Exercising and eating healthy and still can't lose that last ten baby weight pounds? Not getting enough zzz's may be the culprit. Numerous studies have shown that women who sleep five hours or less a night weigh more than women who get at least seven hours of sleep. These studies take into account exercise and calorie intake; both being equal in each group. Lack of sleep may decrease metabolic rate (the amount of calories burned at rest) and increases cortisol levels. Elevated cortisol levels have been linked to weight gain (especially around the middle). Getting enought sleep can be particularly challenging for a new mother, but it may be an easier and less expensive solution than hiring a personal trainer, buying the next clothes a size, or losing your mind as your weight loss attempts just seem futile!
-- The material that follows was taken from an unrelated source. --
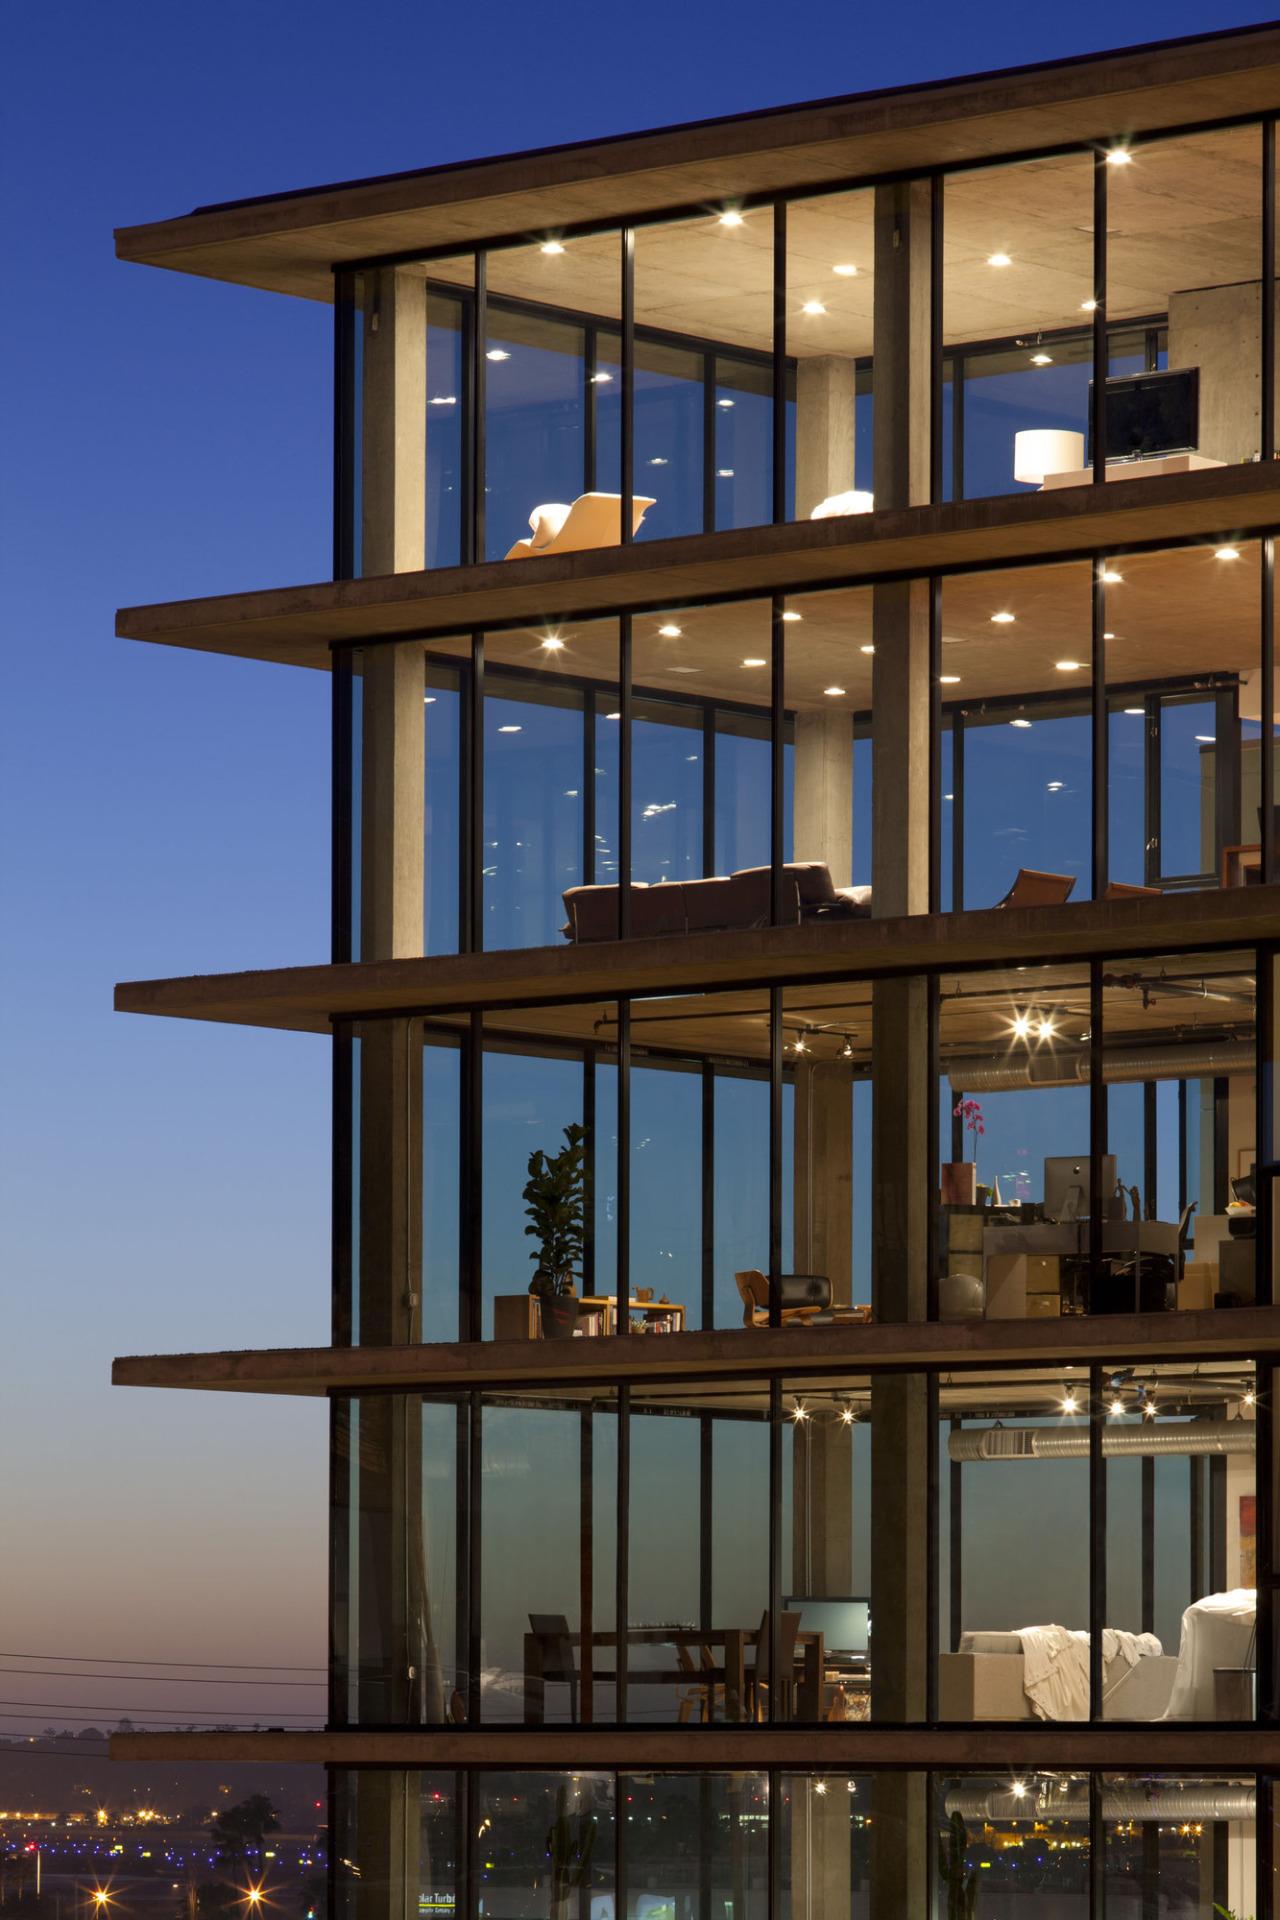 luxury house architecture house construction balcony sky city home window modern

Here are some tips for my Hot Mamas in need of a decent night's rest:
1. Enlist the help of Daddy. You spent nine months of pregnancy without the comforts of a glass of wine, your favorite sushi, and being able to take a gosh darn aspirin when you had a headache, not to mention the "YOU'VE GOT TO BE KIDDING ME!" experience of delivery so that you both can have a beautiful, healthy baby. It's time for Daddy to step up. If your baby is waking up in three hour intervals, let Daddy take one shift a night.
2. Avoid caffeine after noon, no matter how tired you are. Grit it out and go to sleep earlier.
3. Make sure you are sleeping in a very dark room without any flashing lights such as computer screens, televisions, or flashing phones or clocks. Light inhibits the release of melatonin, which is the hormone that helps you fall asleep. Watching television or surfing the net before bed is a no no.
4. If you can afford it, hire a night nurse for a few nights a week.
5. As tired as you may feel, try to keep up some type of exercise program. Exercise is a great sleep aid.
6. Take naps. A great time to catch up on sleep is when your baby is sleeping.